**Work to complete**
Once the line holding "LIZARDSKINS bicycle handlebar" appears, repeat it and each line after it to the end of the data, exactly and with nothing else; pictures stay out.

**Data extract**
--------------------

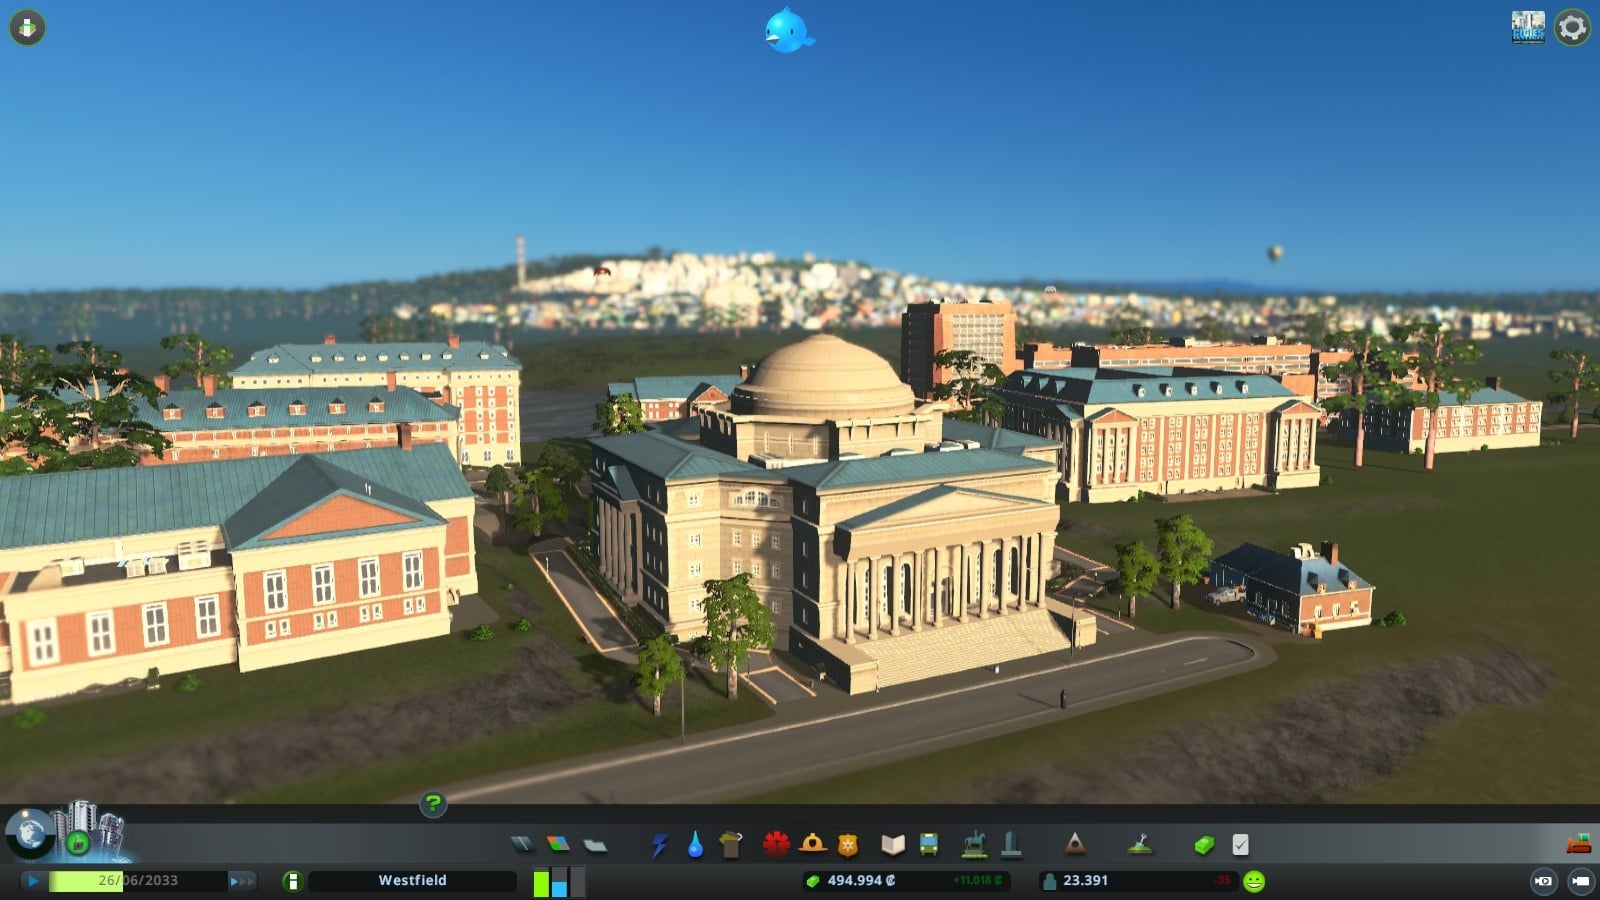 Cities: Skylines still looks good for a game of its genre, even without graphics mods. Who wouldn't want to study here?
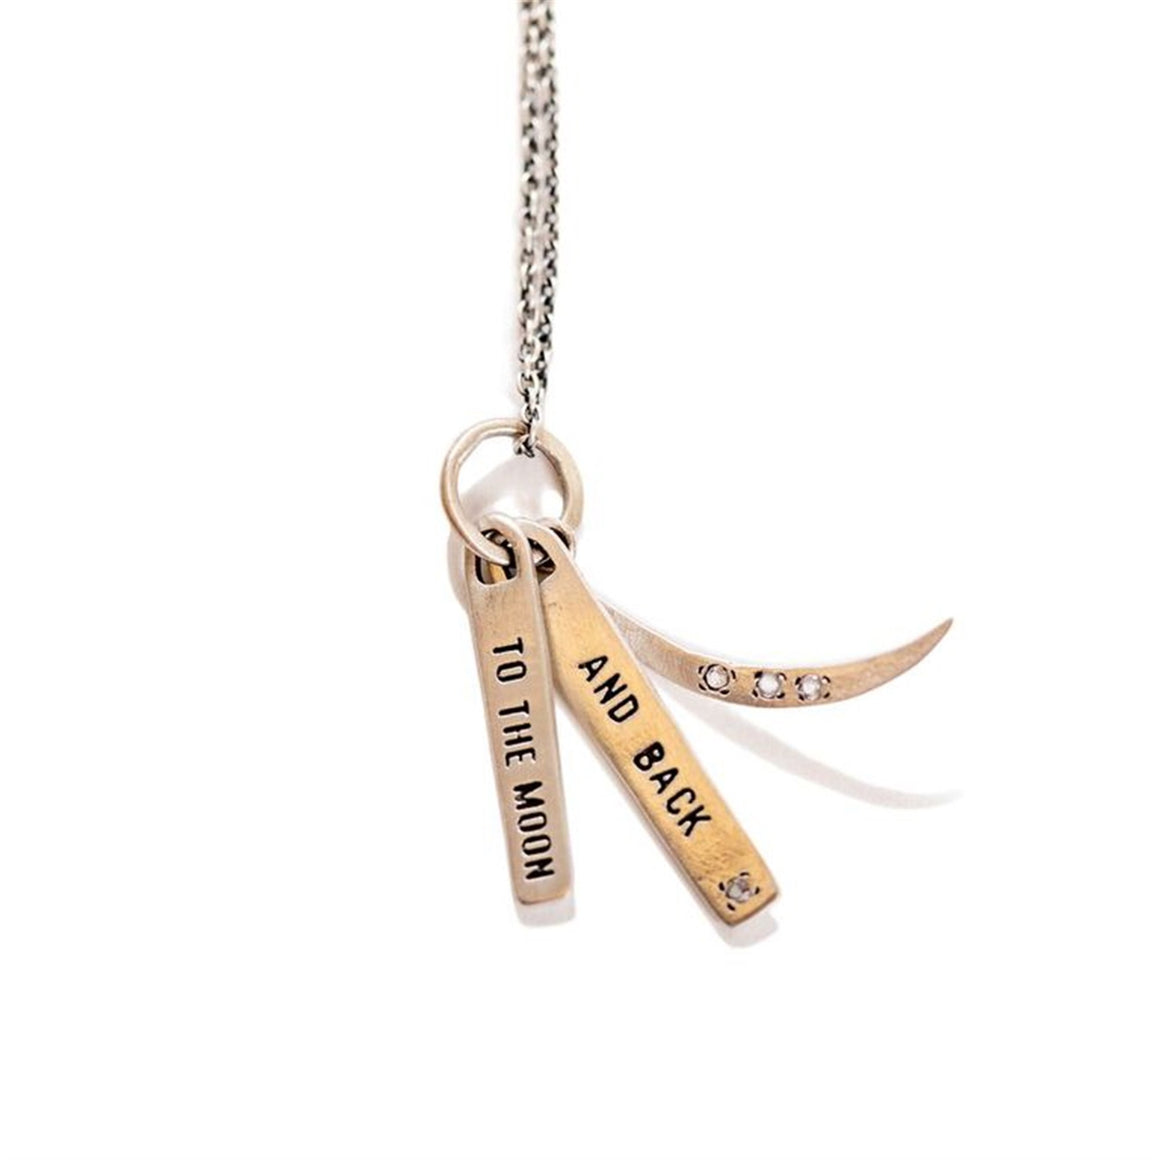 To The Moon And Back Necklace - 16" + 2" extender
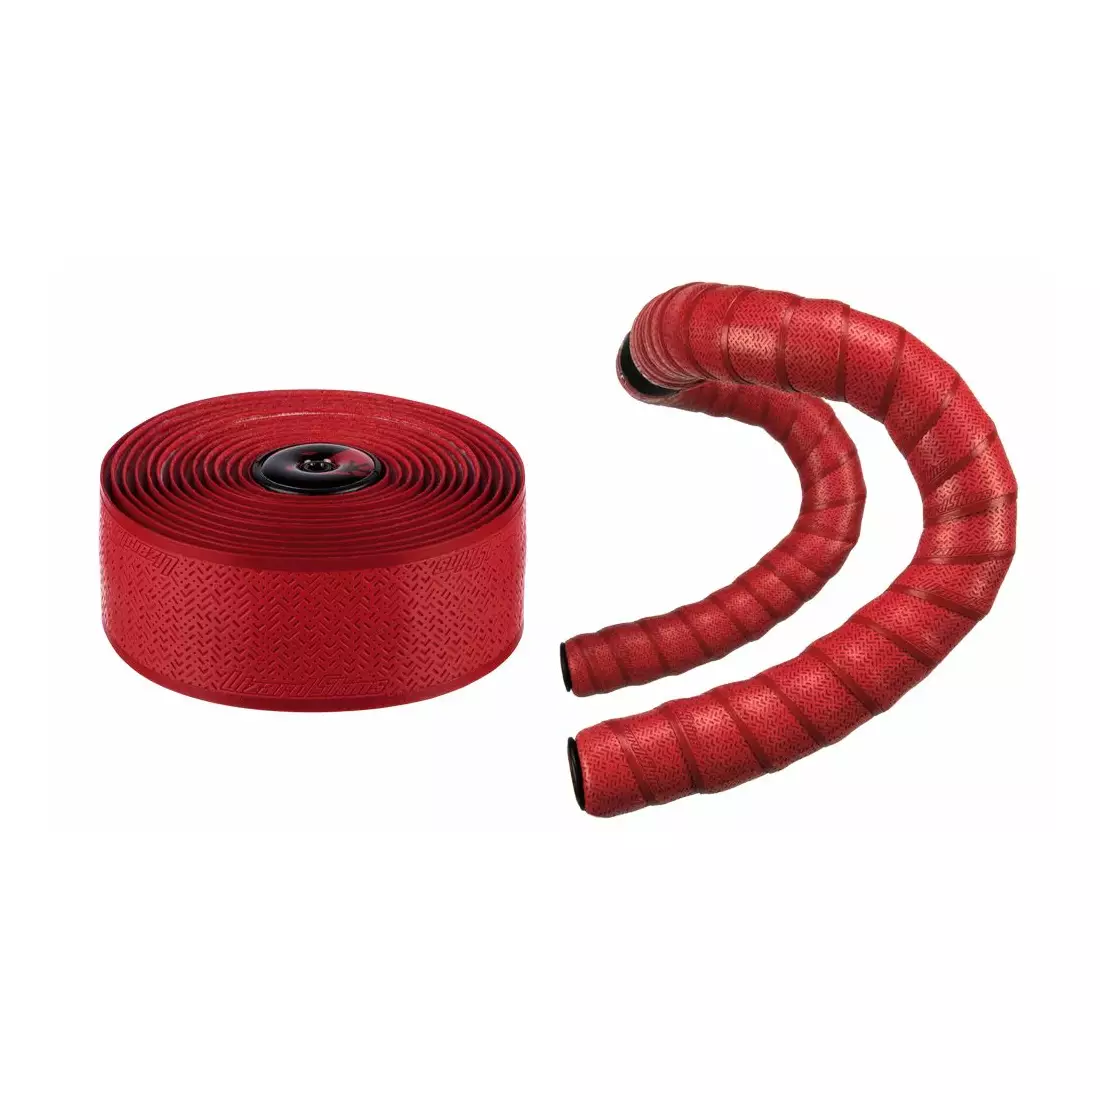 LIZARDSKINS bicycle handlebar wrap dsp 1.8 race bar tape 1,8mm crimson red LZS-DSPCY150
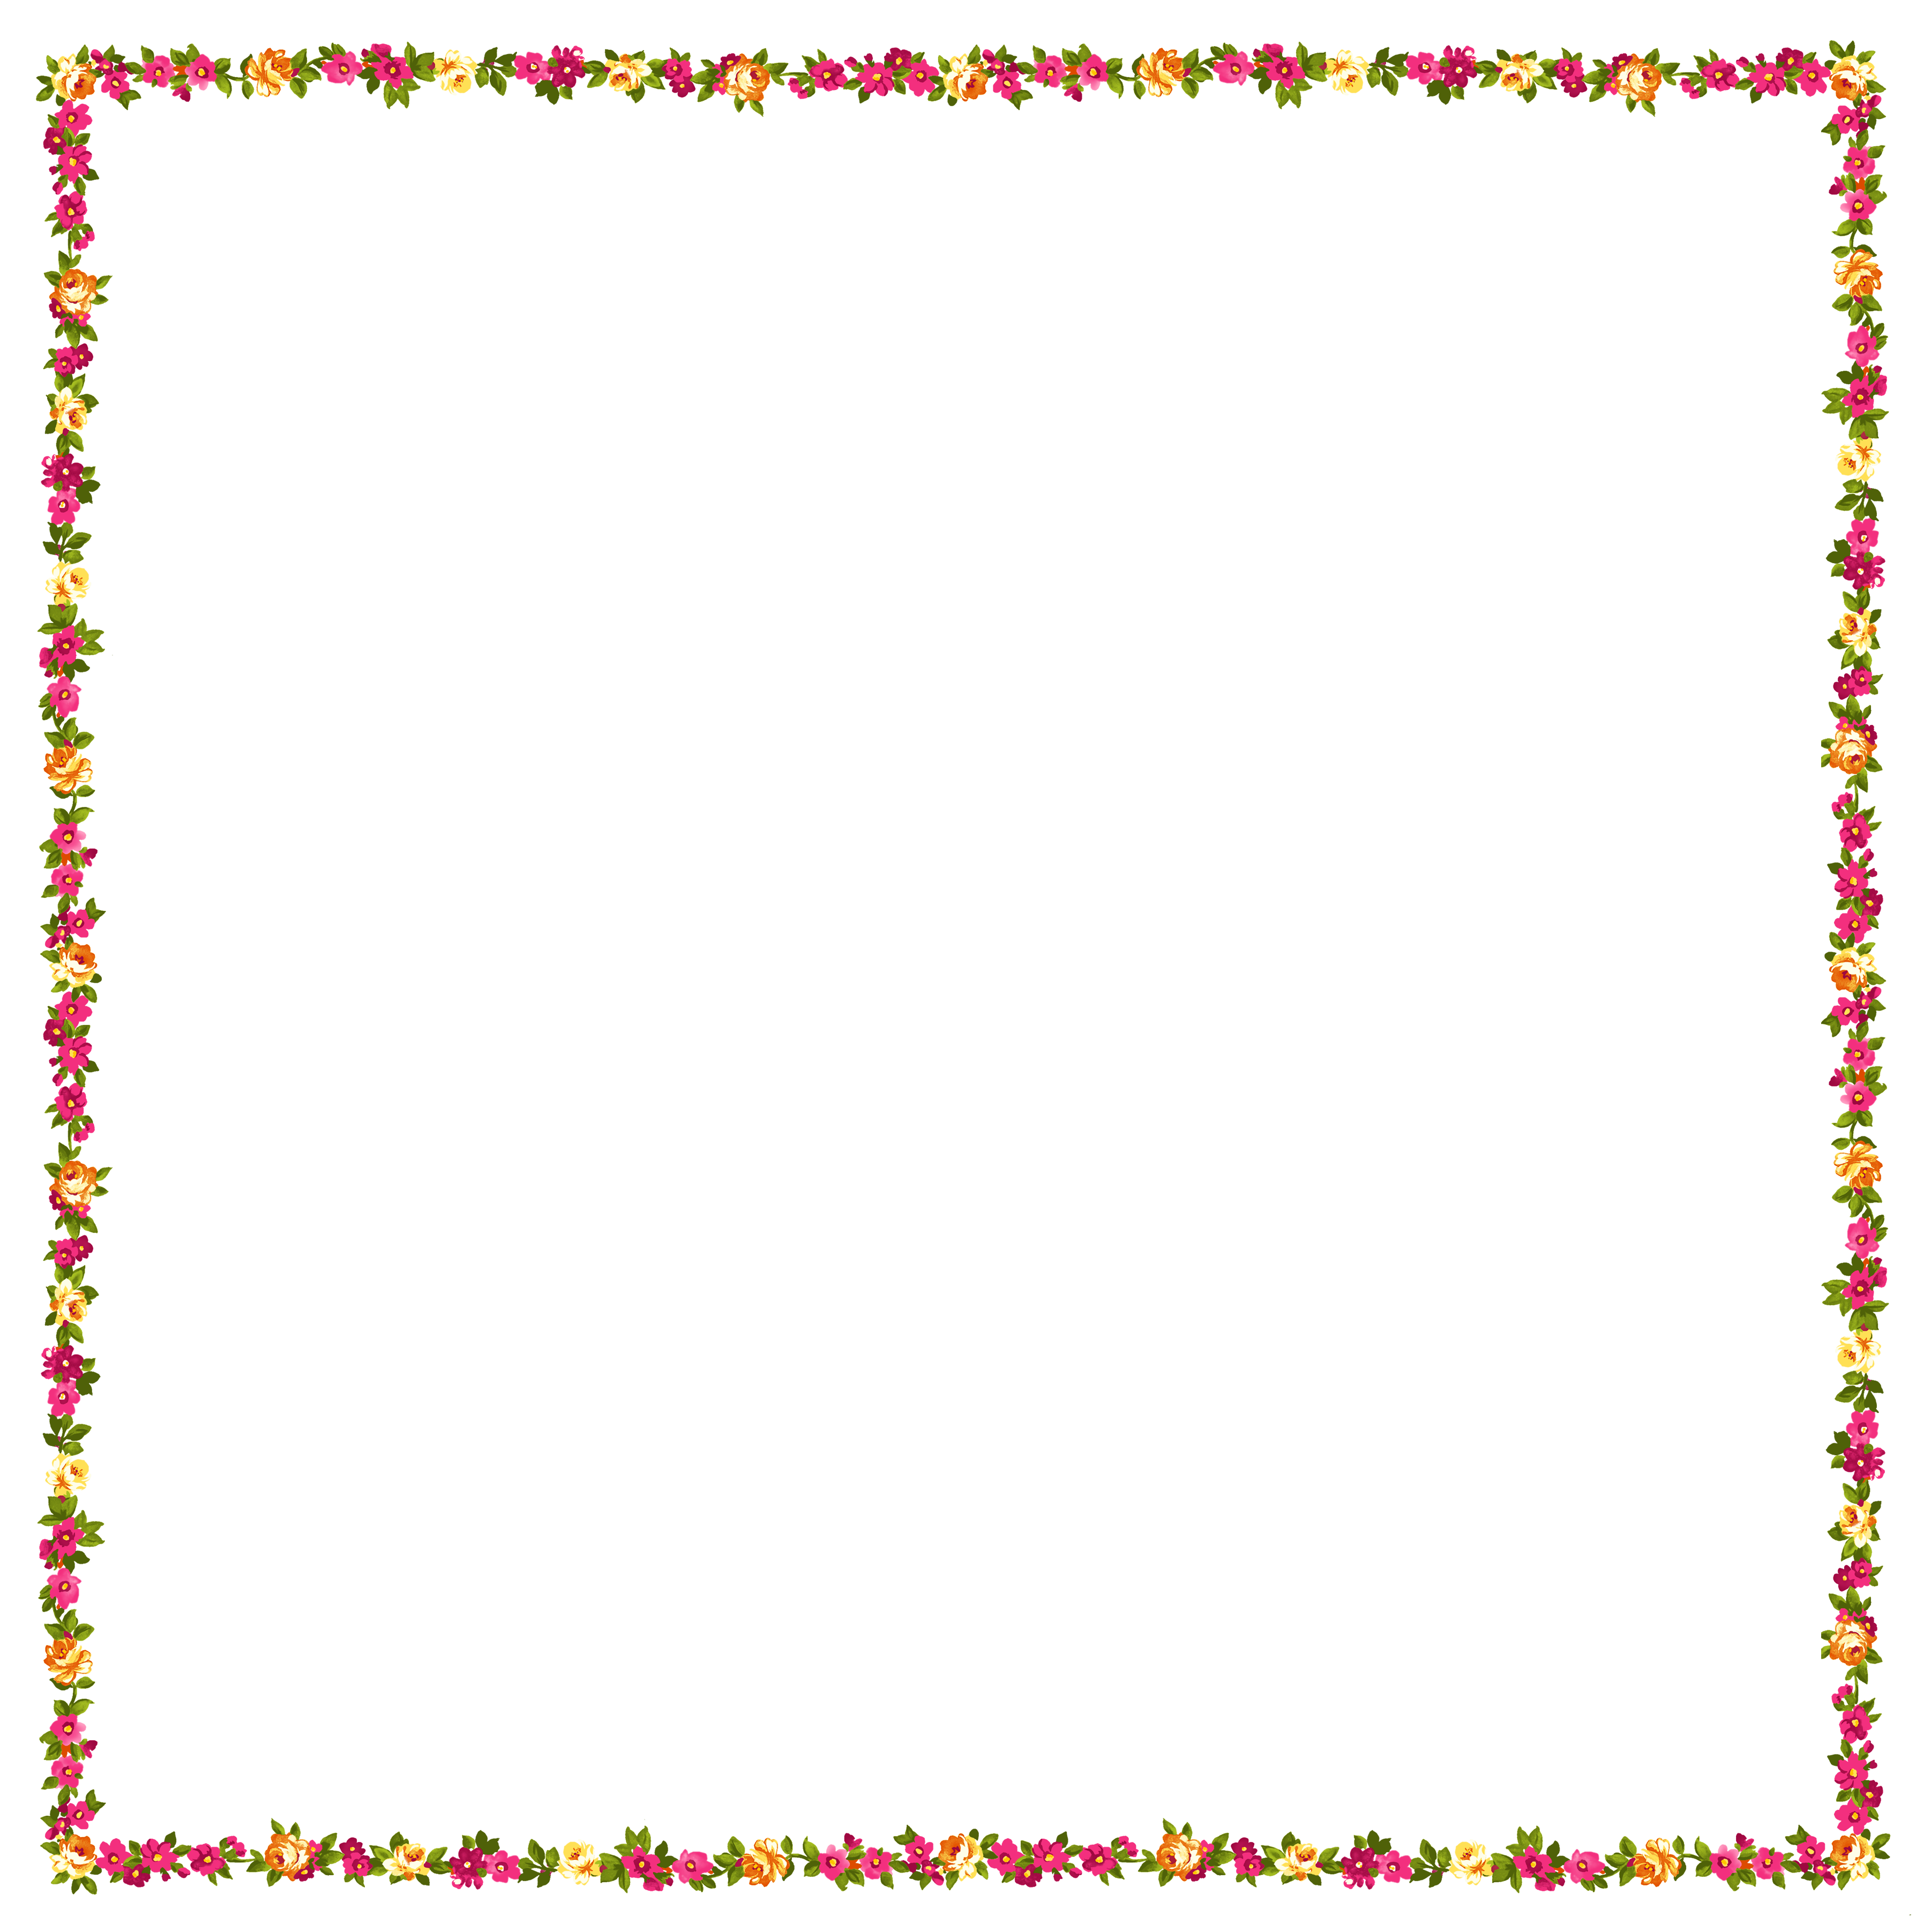 clipart frame png - photo #6

--------------------

**Reply to the task**
 LIZARDSKINS bicycle handlebar wrap dsp 1.8 race bar tape 1,8mm crimson red LZS-DSPCY150
 clipart frame png - photo #6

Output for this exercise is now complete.